The relative seasonal timing of things like snowmelt and peak growing season, for example, can be critical to ecosystem functioning. When snow melts too early in the boreal forests of North America, the runoff is transported or evaporates before the peak of the growing season. As a result, trees are less productive because there isn't enough water to support the creation of more biomass through photosynthesis. 

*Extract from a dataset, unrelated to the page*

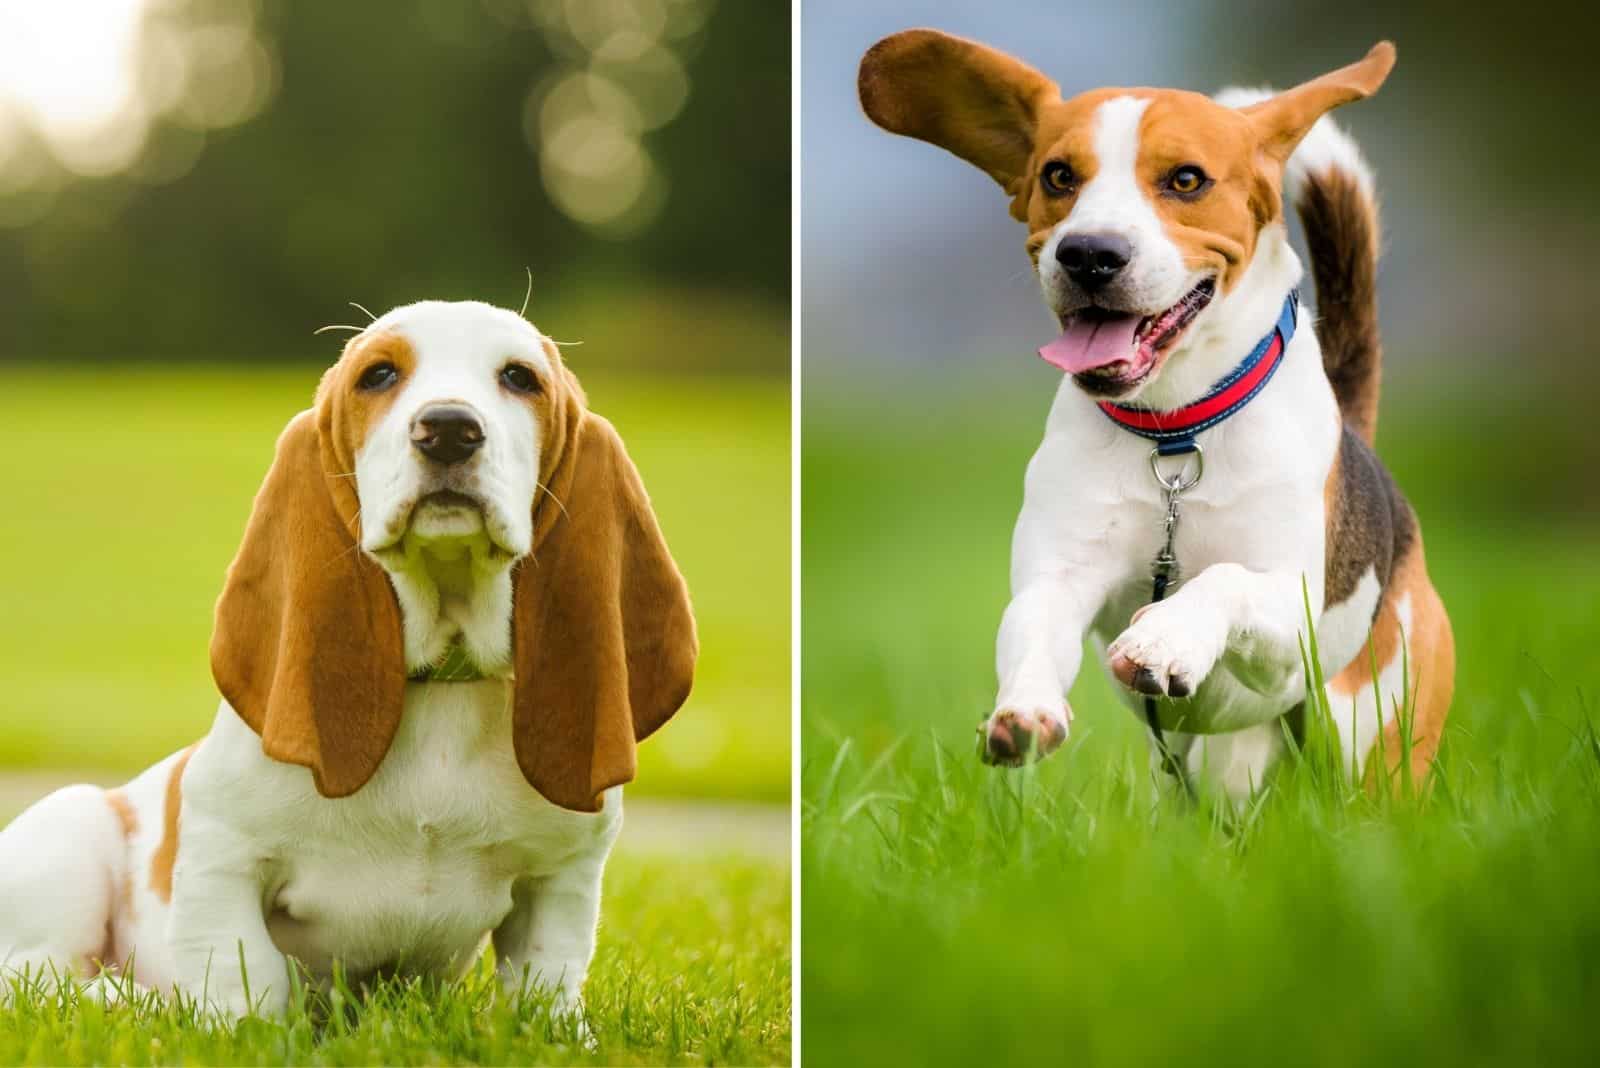 Basset Hound Vs. Beagle: Which One Is The Breed For You?

The timing of annual as opposed to hourly events creates a "longer clock" and allows us to "see" things that move too slowly for us to observe directly. The idea of a long now is a helpful one, I think, in determining where our priorities should lie. Long term ecological research sites, where observations can be made continuously over decades or longer, can provide the information we need to support the long-term perspective. Long-term, continuous observation datasets, like the famous Keeling observations from Mauna Loa, are extremely important in understanding humans' impact on the environment. Long-term observations can also come from things that naturally preserve information about the environment over long periods of time, such as ice cores or tree rings.

It's an opportunity to remember our limitations in being able to observe our surroundings. The biggest aim of science, I think, is to continually broaden our vision, and collaborations with artists can evoke that sense in scientists and non-scientists alike.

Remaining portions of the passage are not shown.